Americans using Facebook today will a new message at the top of their News Feeds: “It’s Election Day,” the banner reads. “Share that you’re voting in the U.S. Election and find out where to vote.” So far, nearly 3 million people have clicked “I’m a Voter” after seeing the message, which Facebook calls the voter megaphone.

When you log into Facebook today, you’ll see the voter megaphone at the top of your News Feed.
Of all the things Facebook does, the voter megaphone seems like the most harmless. Get-out-the-vote efforts, especially nonpartisan ones, are generally considered positive. But this isn’t the first election-related experiment the social network has conducted while developing the tool, Mother Jones reported last week. Before the 2012 presidential election, Facebook changed the streams of nearly 2 million American users so they would see more hard news stories at the top. The test was designed to see if your News Feed’s news balance influenced voter turnout. According to Mother Jones, it did.
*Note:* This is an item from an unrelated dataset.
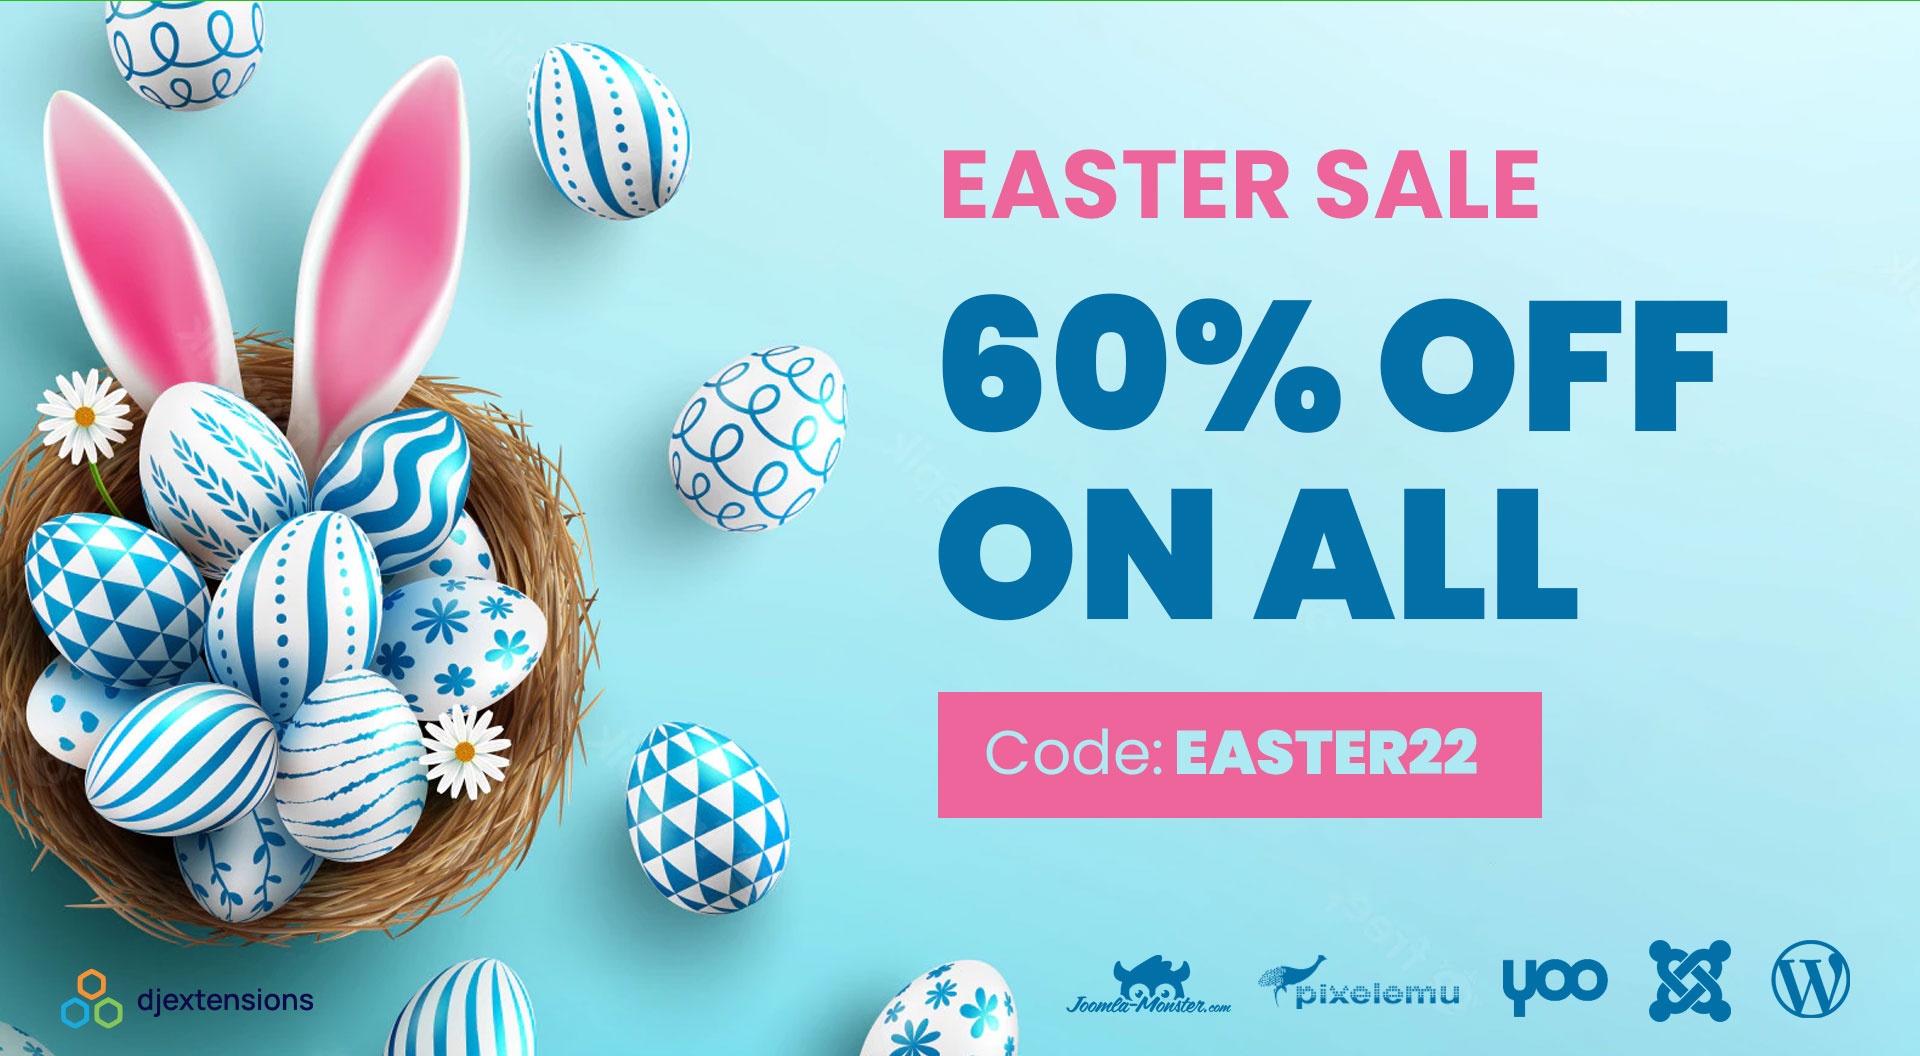 Joomla-Monster Joomla News: Easter Sale -60% OFF on Joomla and WordPress products

“Our effort is neutral,” Facebook spokesman Michael Buckley told the New York Times. “While we encourage any and all candidates, groups, and voters to use our platform to engage on the elections, we as a company have not used our products in a way that attempts to influence how people vote.”
The network put voter buttons at the top of some News Feeds on Election Day 2012, but the experiment was haphazard. The megaphone appeared on your News Feed at different times during the day, so you may have missed it. Some people didn’t get the button in their feed at all due to software glitches. But this year, everyone should see the voter megaphone. And if 9 million people used the tool to tell people they voted in 2012, even with all its problems, then Tuesday’s election should see much higher participation.
Why this matters: Facebook has proved it has some influence over what you do and how you feel, just by elevating certain types of posts or demoting others. If the network’s data on the voter megaphone’s influence this Election Day shows that people feel compelled to vote based on their friends’ behavior, Facebook could become an essential tool for democracy—which is a little unsettling.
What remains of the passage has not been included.